A (Very) Short History
The strategy of silencing RNA as a method of guiding drug development began in 1998. Basic research took six years before clinical testing in humans began in 2004. Just a few months ago, in November, the results of the first double-blind, placebo-controlled phase III trials were announced, testing patisiran in patients–and they surpassed expectations.
“The results were remarkably positive,” says Dr. Polydefkis. “Every primary and secondary outcome measure target was met. It’s the most positive trial I have ever been associated with and that I can remember in recent memory.”
FDA approval is expected to come by summer, which will mark the first official sanction of a drug based on RNA inhibition (RNAi). Experts are confident that similar drugs will eventually follow for other diseases, like familial hypercholesterol, lipid disorders, and breathing disorders. Right now, these drugs must get into the liver to work, but otherwise the future treatment possibilities are wide open, according to Dr. Zamore.
“It doesn’t have to be a genetic disease,” he says. “In theory, it doesn’t have to be just one gene, although I don’t think anyone knows how many you could target at once.
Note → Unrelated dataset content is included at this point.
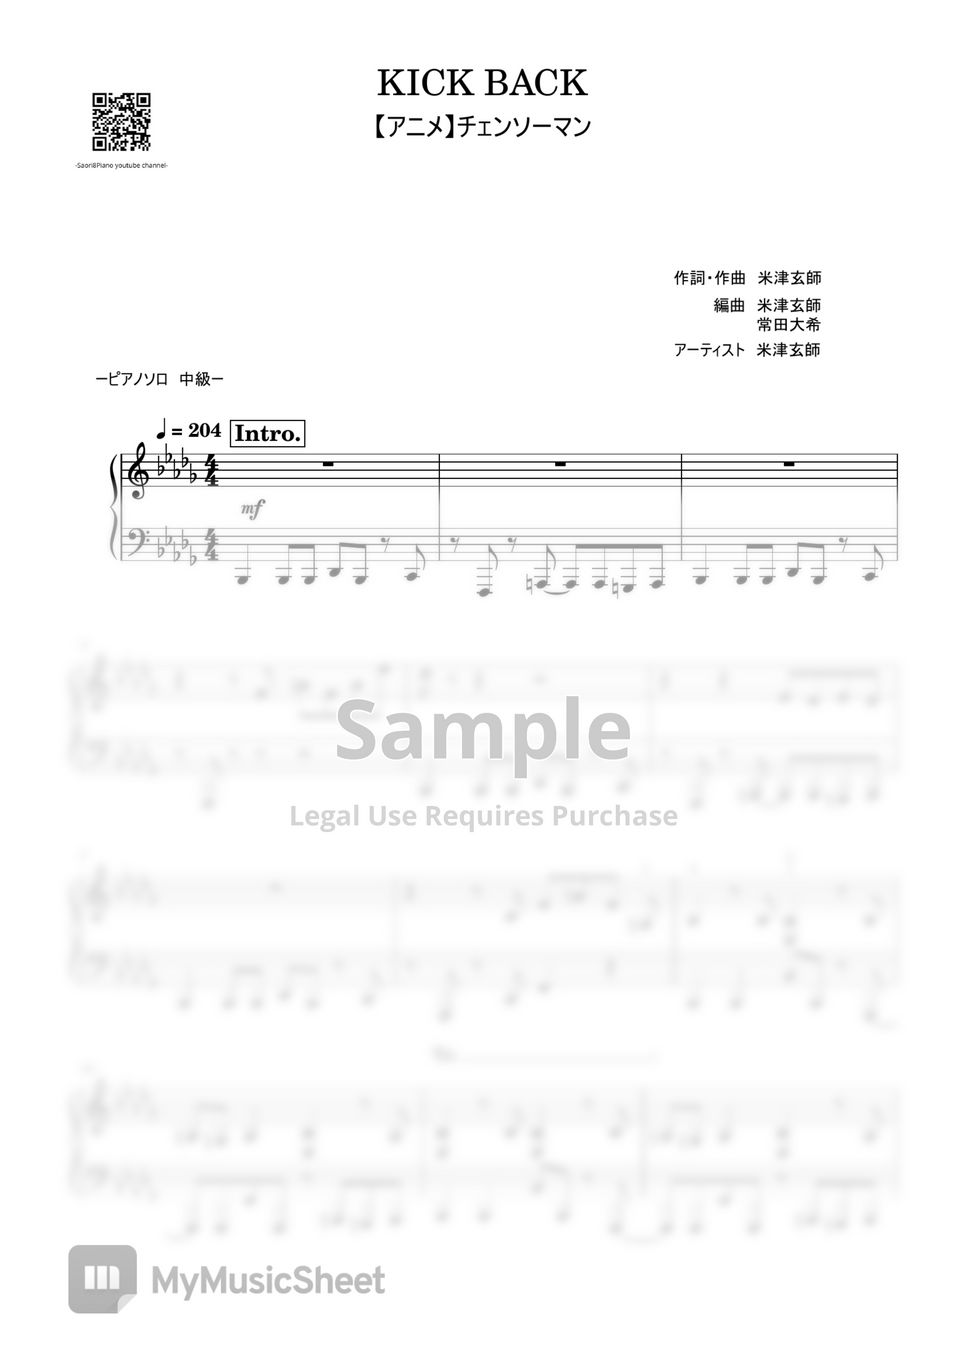 KICK BACK – Kenshi Yonezu (米津 玄師) Sheet music for Clarinet in

There is no precedent for targeting two.”
Alnylam, the leading company in RNAi therapeutics, plans to strategically design other new drugs based on what they have learned from this first trial – “so with each successive experience, with designing and testing, you get better at making more drugs. In a way, that’s never happened before…This is a lot more efficient of a way to make drugs in the future.”
And unlike gene therapy, in which a patient’s own genetic code is permanently altered, this approach does not cause permanent genetic changes. Patients can stop taking it like any other drug, and its effects will vanish.
How Is Steve?
Last February, Steve started on the drug. He was granted early access since it is not yet FDA-approved and is still considered experimental. Every 21 days, he has received an IV infusion that causes some minor side effects, like headaches and facial flushing.
So far, it seems to be effective. He’s gained back 20 pounds, and though his enunciation is still a bit slurred, he says that his neuropathy has stopped. He plans to continue the treatment for the rest of his life.
“The good news is, since I started on the drug, I don’t see any more deterioration other than my speech,” he says. “I think the drug is working, but would I have continued to deteriorate without the drug? I’m not really sure.”
Dr. Polydefkis jumps in with a more confident response: “If you ask me, I would say 100 percent he would have kept progressing at a fairly rapid pace without the drug. When Steve says the neuropathy has stopped, that’s music to my ears.”